We believe that unaccompanied children and young people from outside the EU with no parent or care giver in the UK should have access to an independent guardian that helps them understand what is happening and to help them have their voices heard in the welfare, trafficking, asylum, justice and age assessment processes.

Since 2010, the Scottish Refugee Council and Aberlour have been working in partnership to deliver the Scottish Guardianship Service (SGS), which provides tailored support for unaccompanied children in Scotland. The service has been operational since September 2010 thanks to an annual grant from the Scottish Government. SGS was independently evaluated and the model showed evidence of the guardian’s role in protection and care for unaccompanied asylum seeking and trafficked children.

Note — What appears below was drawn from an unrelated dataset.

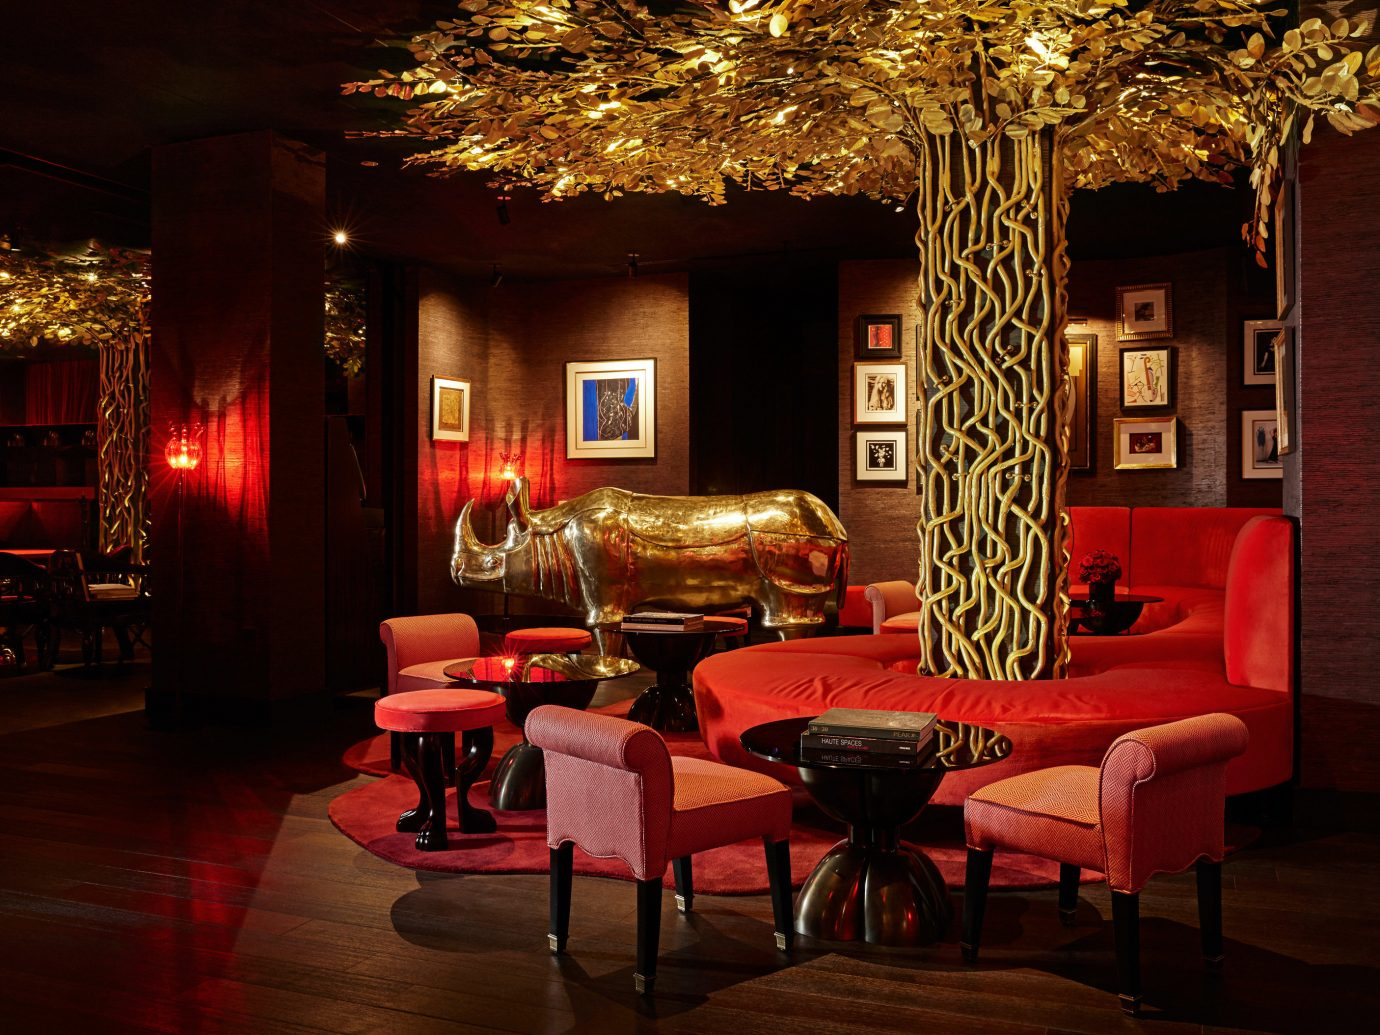 Hotels floor table indoor room Living restaurant lighting interior design estate Bar Lobby furniture dining table

In 2015, the Scottish Parliament passed the Human Trafficking and Exploitation (Scotland) Act. Section 11 of this legislation places the provision of guardianship on a statutory footing. Once this section fully comes into force, all children who have no parent or caregiver in the UK, who have been identified as trafficked or are considered to be vulnerable to such (often through migrating alone to Scotland), will be eligible to receive a guardian.

What are we doing to support the rights of separated children?

Section 11 of the Human Trafficking and Exploitation (Scotland) Bill has not yet come in to force. The Government is currently consulting on Guardianship provisions, including the role of the guardian and what guardianship support should look like.

We believe that all unaccompanied and trafficked children should be entitled to an independent guardian to act in their best interests and support their needs.

Alongside Aberlour, we continue to work with the Scottish Government and other stakeholders to ensure that any future guardianship provision protects all unaccompanied children in Scotland who are in need of protection, and places the best interests of the child at its heart.